Mental health care accessible for the first time to thousands of people living in poor and rural areas in low- and middle-income countries

13 Apr 2016 - 12:00

PRIME findings, presented to world financial leaders, show how to narrow the enormous treatment gap for mental health care in low- and middle-income countries 

Today, Lead Investigator of the Programme for Improving Mental health care (PRIME), Prof Crick Lund, presents key recommendations for setting up, costing and evaluating mental health care plans in low- and middle-income countries, to delegates attending the World Bank and International Monetary Fund Spring Meeting. PRIME was selected out of a long list of mental health programmes worldwide to present at this inaugural event.

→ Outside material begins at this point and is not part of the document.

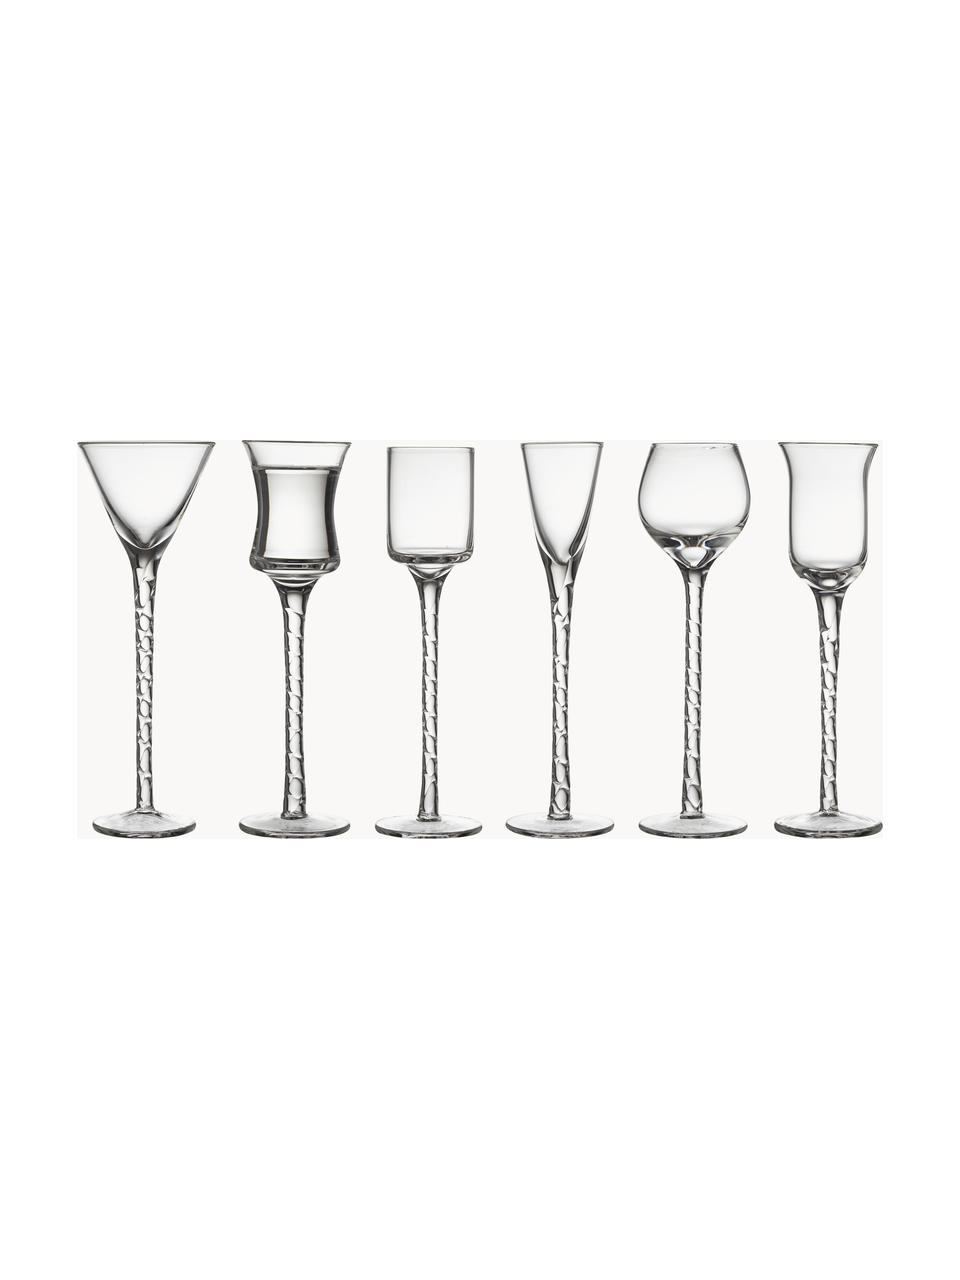 Set de vasos chupito soplados artesanalmente Rom, 6 uds., Vidrio, Transparente, Set de diferentes tamaños

The goal of PRIME is to generate evidence on the implementation and scaling up of treatment programmes for priority mental conditions in primary and maternal health care contexts in low-resource settings. It’s currently conducting research in South Africa, India, Nepal, Ethiopia and Uganda.

PRIME research determined that implementing mental health care plans are extremely cost-efficient. To make budgetary provision for mental health care, the PRIME team calculated the cost of implementing mental health care plans over a 5- to 15-year scale-up period. It ranges from US$ 0.20-0.60 per capita in India, Nepal, Uganda and Ethiopia and was close to US$ 2 per capita in South Africa, an upper-middle income country.

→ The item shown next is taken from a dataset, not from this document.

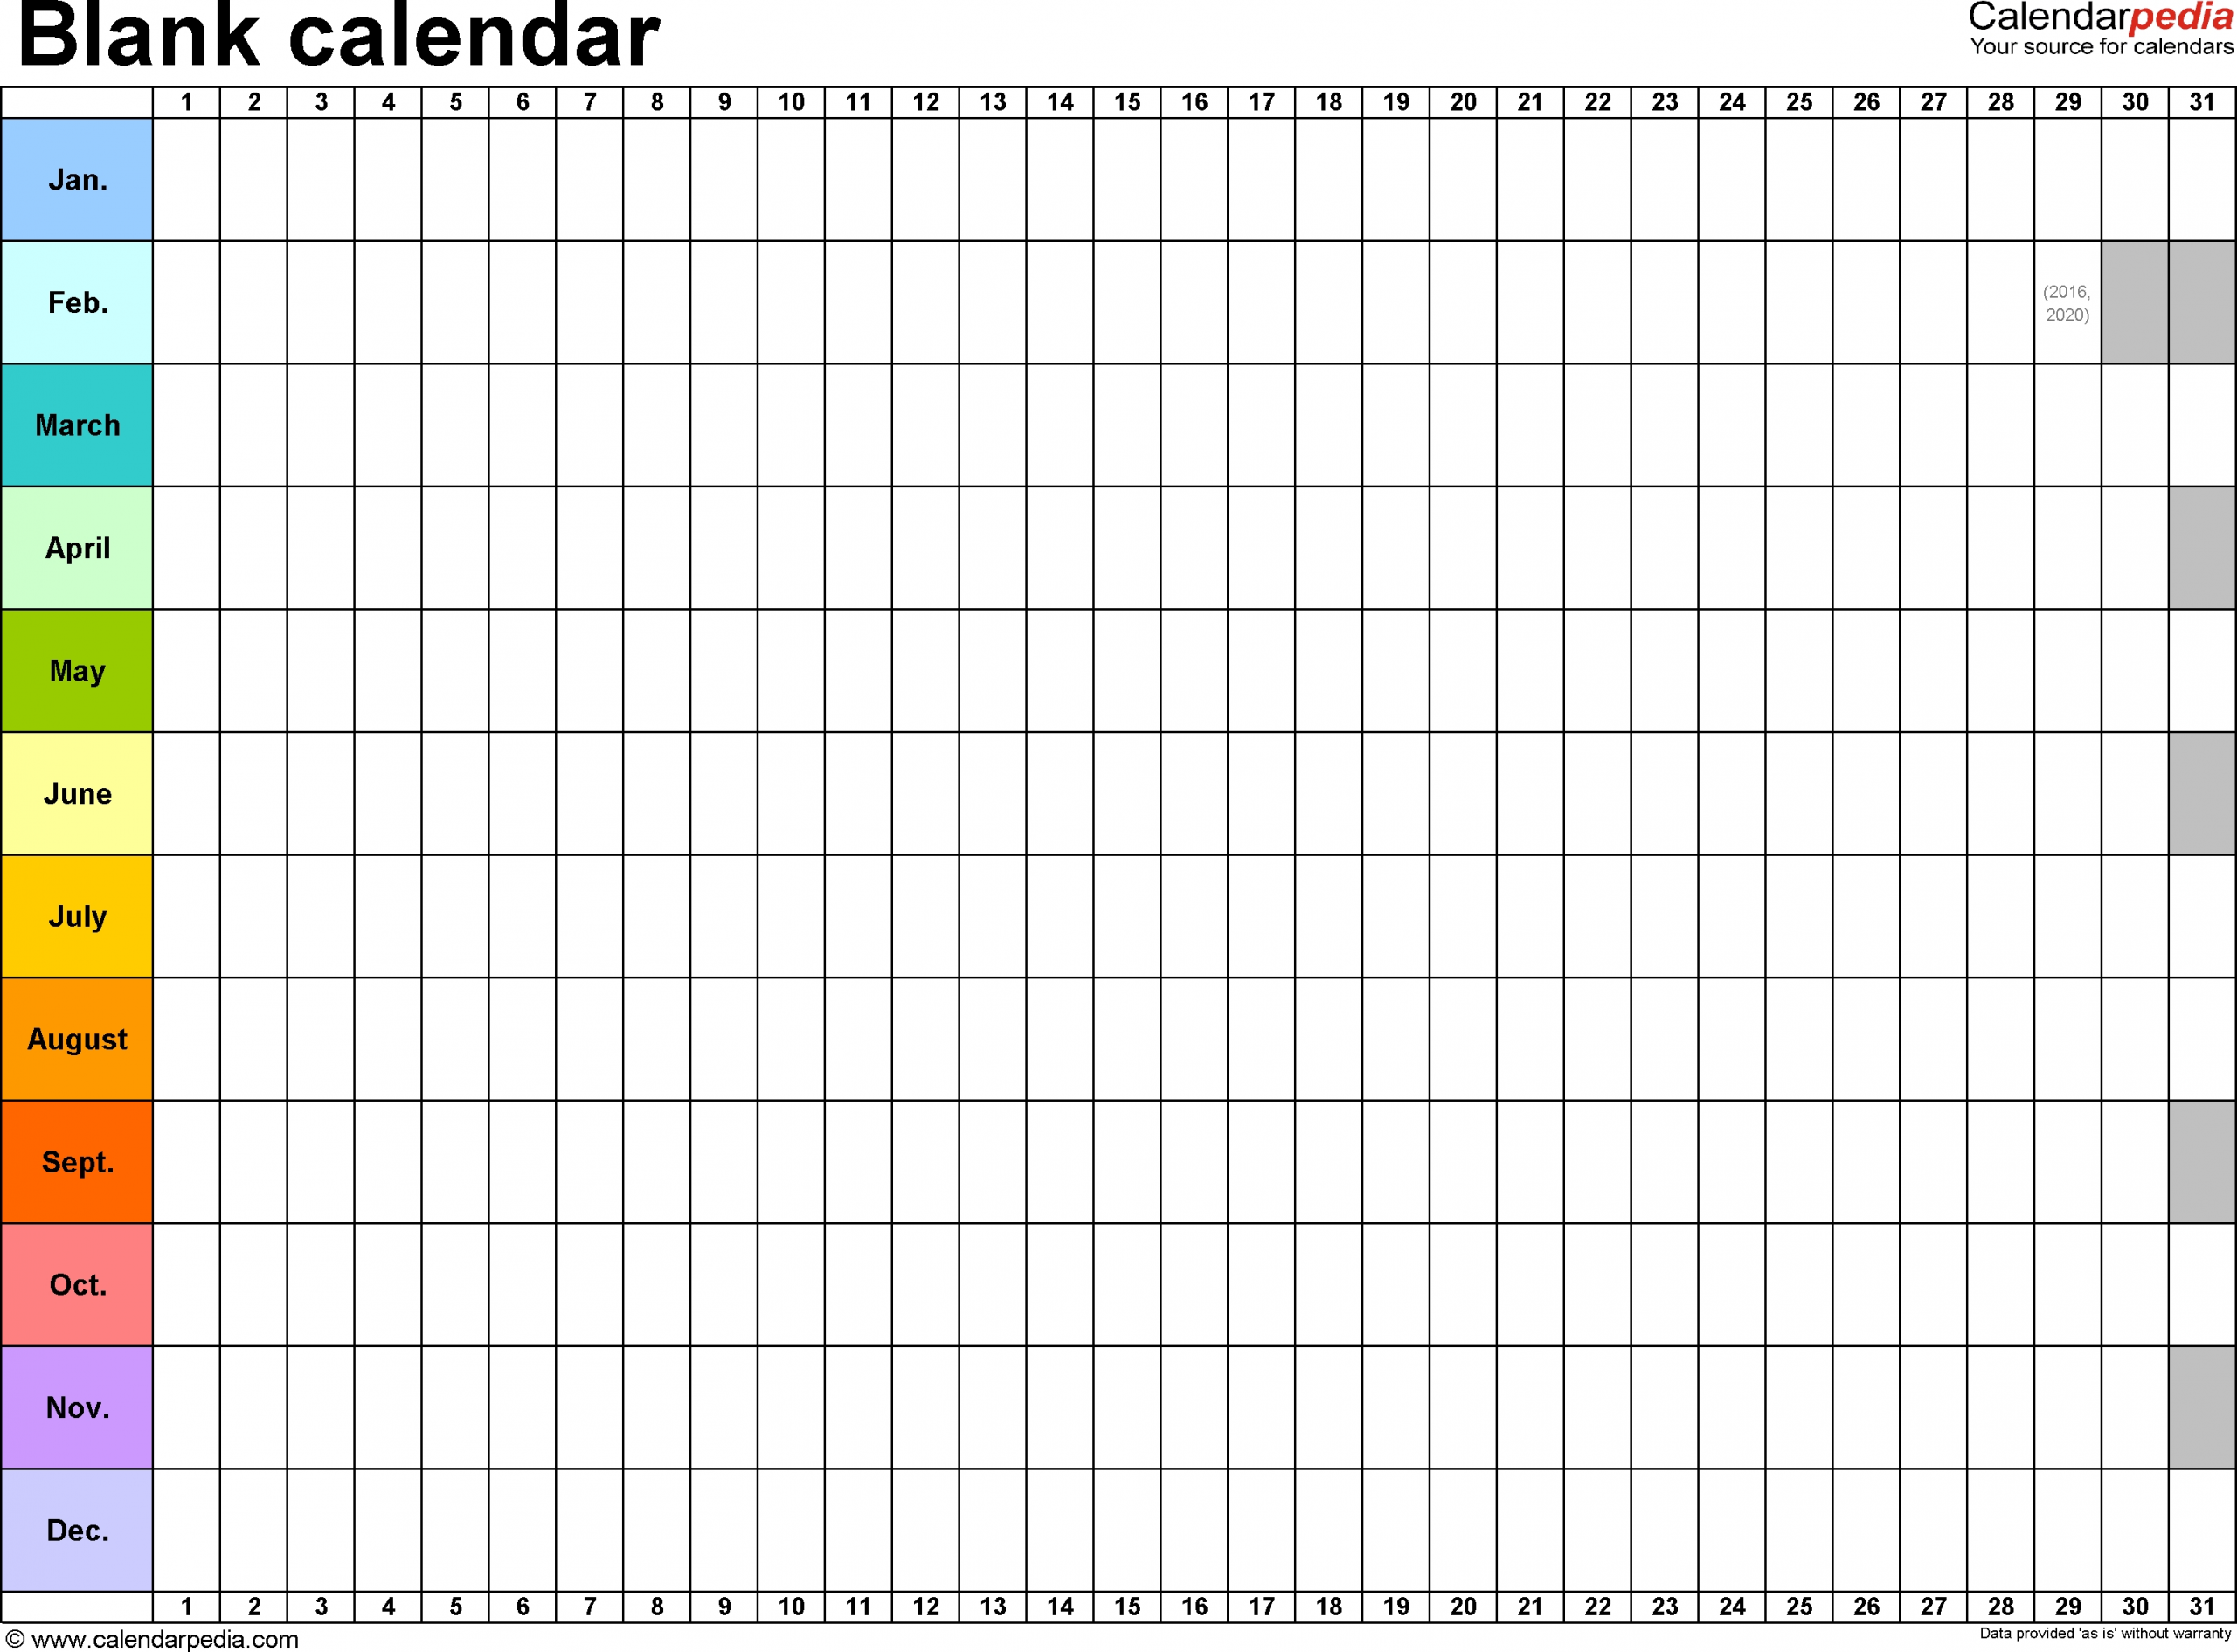 Get Blank Full Year Calendar

“There is an urgent global need to address mental health as a public health and development issue” said Crick Lund, Professor of Public Mental Health, University of Cape Town, South Africa. He continued “Through our work in PRIME, we have developed processes and tools for Ministries of Health, NGOs and other researchers to use to implement and scale up mental health services in other low- and middle-income countries.”

The unmet need for mental health care is high in most low- and middle-income countries. The consequences of untreated mental disorders include suffering, diminished quality of life and disability, human rights abuses, stigma and discrimination, poverty, poor physical health and premature mortality.

The next stage of PRIME research will include evaluation of the implementation of the mental health care plans as well as further research on scaling up the programme.